Thick scatterings of debris and ash have been removed from runways and have begun to drift from the ocean surface, allowing for the arrival of water, food and medical and sanitation supplies as well as the resumption of commercial shipping.
But the government has been cautious about allowing international crews to enter and assist, due to the threat of Covid-19 infections. An Australian vessel, HMAS Adelaide, which was sent to provide humanitarian aid this week, recorded more than 20 Covid-19 cases among its 600-plus crew members. Australia’s Defence minister, Peter Dutton, said the ship could dock and deliver supplies in “a contactless way”.
NASA analysis found that the recent eruption of the Hunga Tonga–Hunga Ha’apai volcano was equivalent to 4 to 18 megatons of TNT and hundreds of times more powerful than the atomic bomb dropped on Hiroshima by the US in 1945.
Democracy in retreat
Burkina Faso: On Monday, the military in Burkina Faso – Africa’s most coup-stricken nation – interrupted a show on state television about the fish trade to confirm it had seized power and deposed the government.
The takeover followed growing concerns about the government’s failure to prevent attacks by Islamic extremists.
The military did not provide details about the fate of the toppled president, Roch Marc Christian Kaboré, a 64-year-old veteran politician who was elected in 2015 and again in 2020. His party said he had survived an assassination attempt.
Kaboré has struggled to combat an Islamist insurgency that has caused the deaths of at least 2000 people and displaced 1.5 million of the country’s 21 million residents since 2015.

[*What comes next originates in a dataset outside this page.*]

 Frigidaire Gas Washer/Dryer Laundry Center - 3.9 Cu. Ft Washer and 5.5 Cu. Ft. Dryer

Last November, militants believed to have links to Daesh and al-Qaeda attacked a security post in the country’s north, killing 49 military police officers and four civilians. In June last year, up to 160 people were killed in a massacre in a north-eastern village.
In recent months, the violence has led to protests and demands for Kaboré to resign. Following the coup, crowds cheered the military on the streets of Ouagadougou, the capital.

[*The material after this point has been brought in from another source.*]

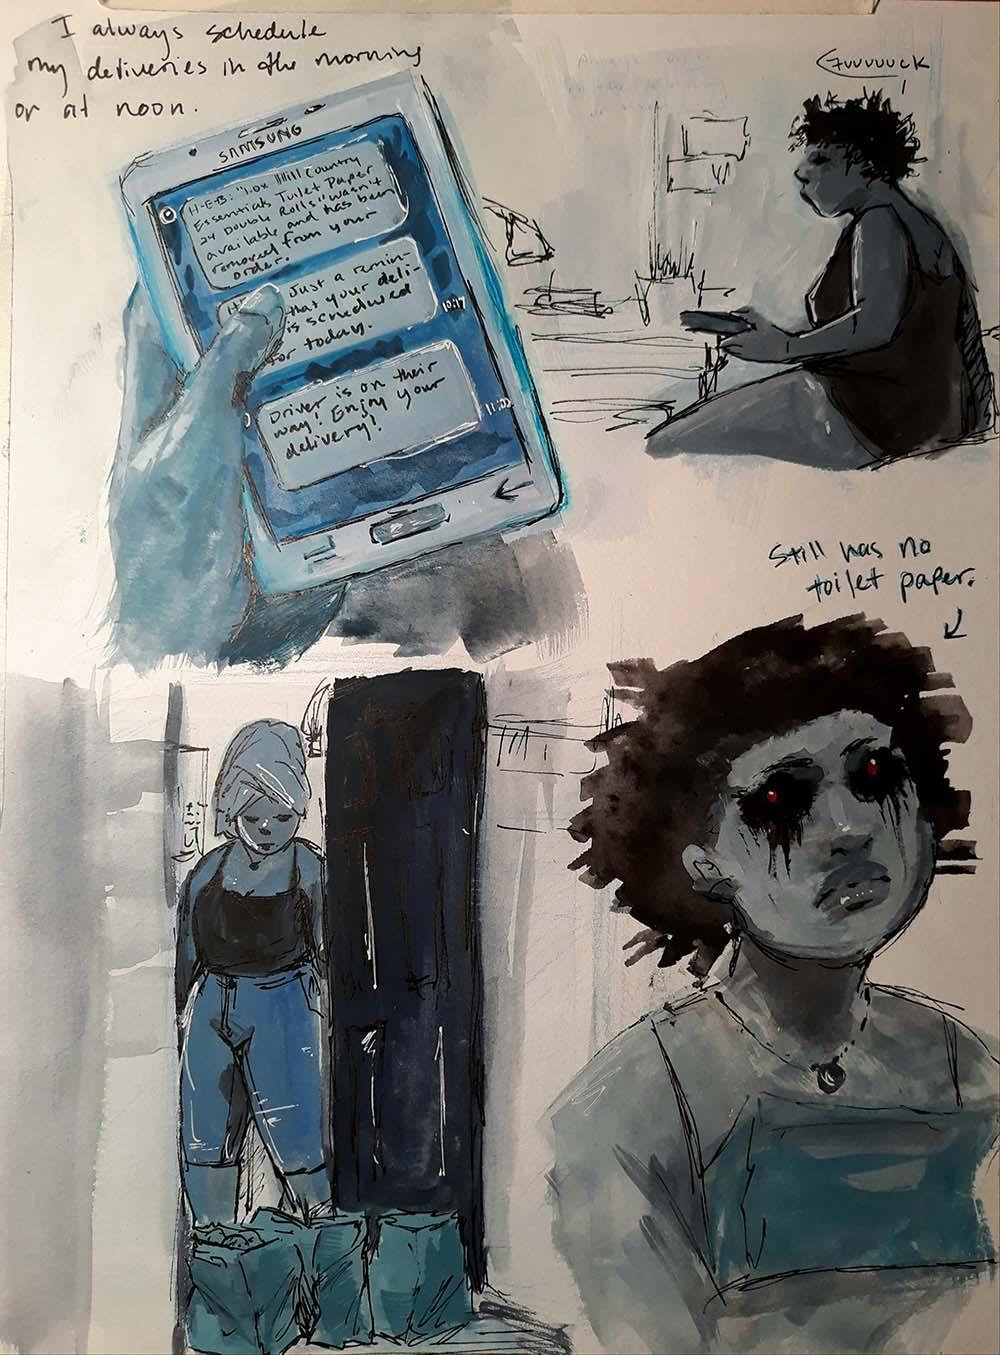 A series of annotated drawings by a student depicting how the pandemic makes her feel

The coup is the eighth in Burkina Faso since it gained independence from France in 1960.
Spotlight: Daesh prison takeover
In March 2019, Daesh fighters were pushed out of the final remnants of its “caliphate” in Syria and Iraq, but the group survived. For the past three years, as many as 10,000 Daesh militants have been based in mostly poorer, rural pockets of Iraq and Syria and have staged multiple daily attacks against local security forces.
On January 20, the group overran a prison in Hasakah in north-east Syria, freeing hundreds of jailed fighters. Since then, Daesh has besieged the prison, which holds more than 700 boys and teenage detainees. The group reportedly moved its fighters into the dormitories holding the boys, who are being used as human shields to prevent an attack by local Kurdish-led forces.
Save the Children, which has supported the young detainees for the past three years, urged the Kurdish and Daesh fighters to allow the evacuation of the children. But the organisation said foreign governments were to blame for failing to repatriate the children, many of whom were foreign nationals.
“Responsibility for anything that happens to these children also lies at the door of foreign governments who have thought that they can simply abandon their child nationals in Syria,” said Sonia Khush, the Syria response director for Save the Children.
A 17-year-old Australian, who has been in the prison for three years, sent his family audio recordings this week, saying there were dead bodies in front of him and nonstop shooting. The teenager reportedly travelled to the caliphate with his family as an 11-year-old.
“I’m Australian,” he said in the clips, obtained by ABC News. “I’m scared I might die any time … I really need help. I really want to come back home.”
Australia’s Foreign Affairs Minister Marise Payne said Australia did not have an embassy in Syria and she was seeking advice about the case.